Comprehensive Logging
8Signs Firewall has full logging capabilities. You have complete control over what to log, how large the log file can become, where to store the logs, and how often to begin a new log file.

Automatic Emailing of Log File
Keeping an eye on your own or a customer's firewall is made easier with 8Signs Firewall's ability to schedule automatic emailing of the log file to any email address that you specify.
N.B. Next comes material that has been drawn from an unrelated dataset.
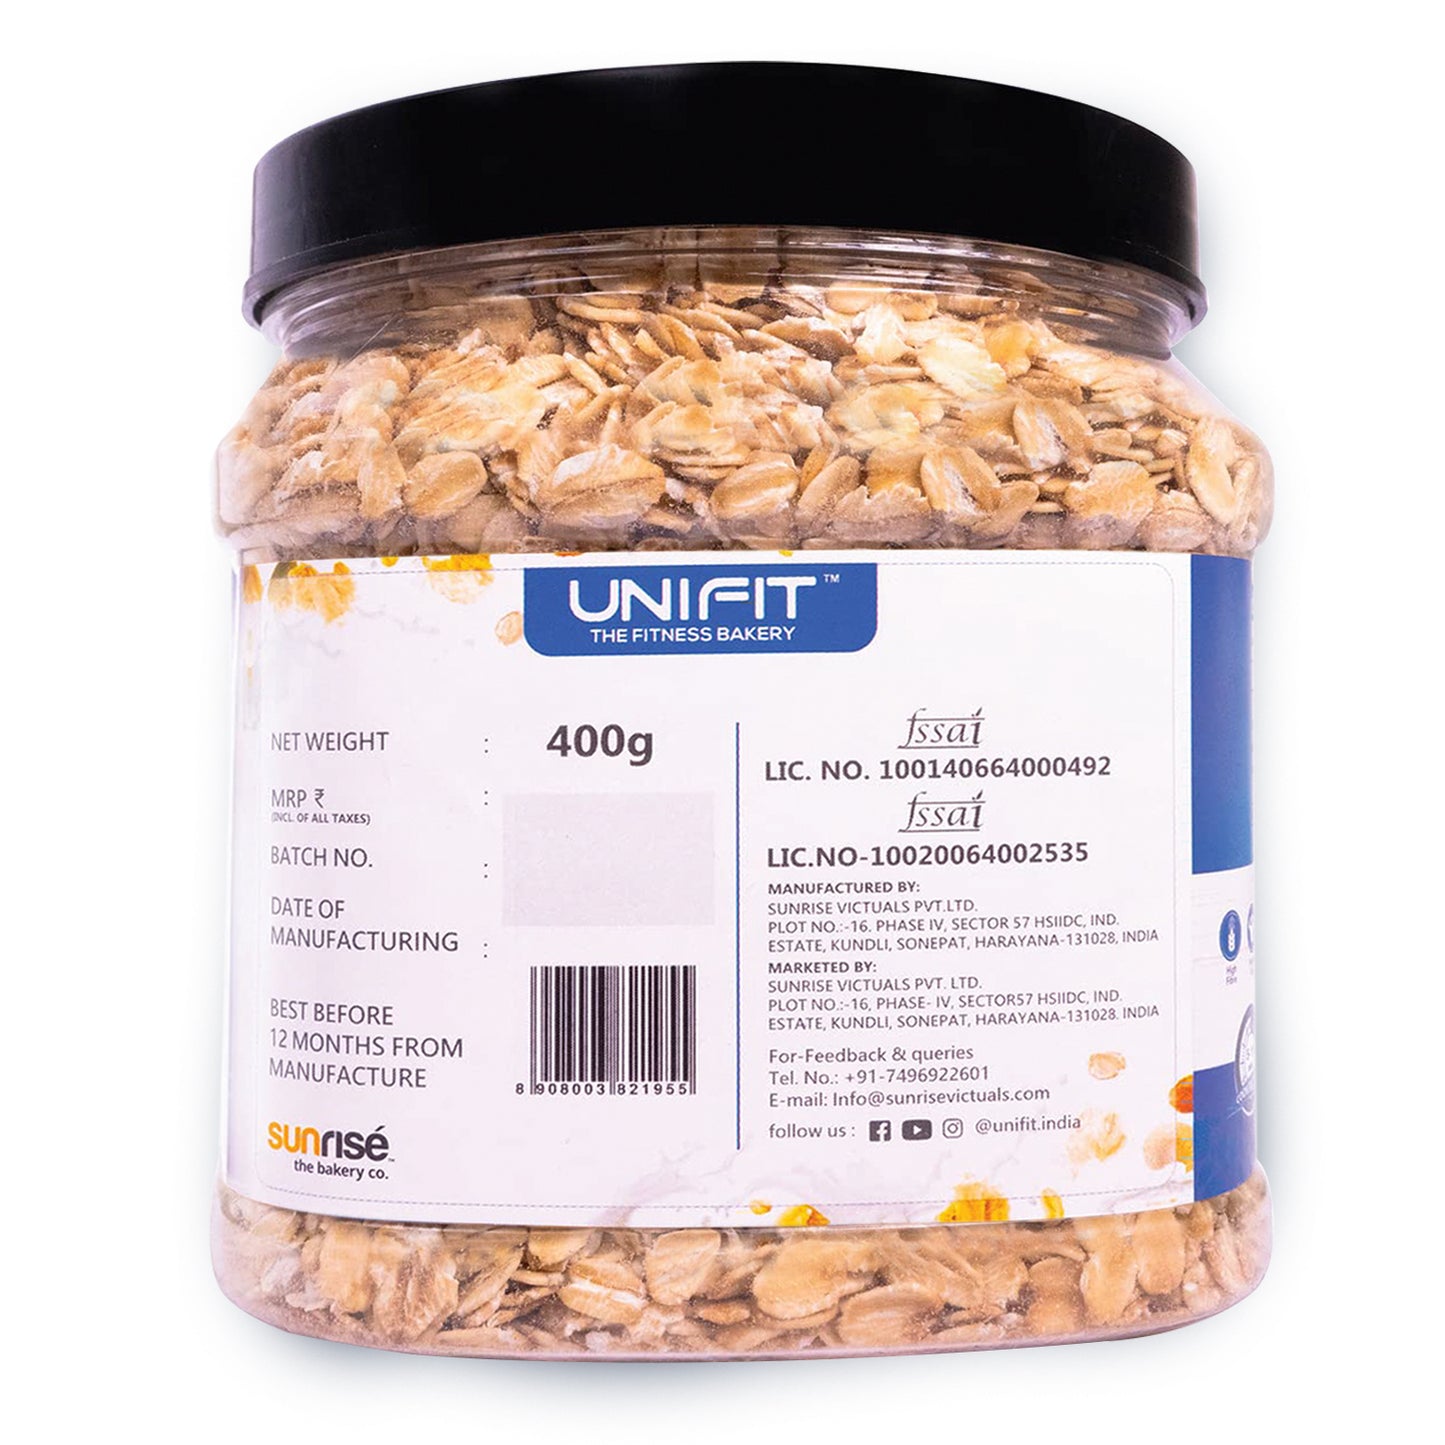 UNIFIT Rolled Oats 400g

Remote Notification of Rule Hits
Rules can be configured to trigger an email to be sent to any email address that you specify if the rule is 'hit'. For example, if you want to be notified immediately if a hacker is scanning your firewall for the Back Orifice trojan, simply configure a rule that will specifically block this type of traffic and send an email to you if the rule is hit. Time-Sensitive Rules
Rules can be configured to only be active on certain days, or at certain times of the day. For example, you may want to allow web browsing only on weekdays between 9:00 am and 5:00 pm, or allow for remote access to your server only on Tuesday evenings for maintenance............this is easily accomplished using time-sensitive rules.

Password Security
8Signs Firewall can require that a user must log into the firewall before having access to any of the firewall administration or logging screens. Using password security prevents an unauthorized user from tampering with, or shutting down, the firewall.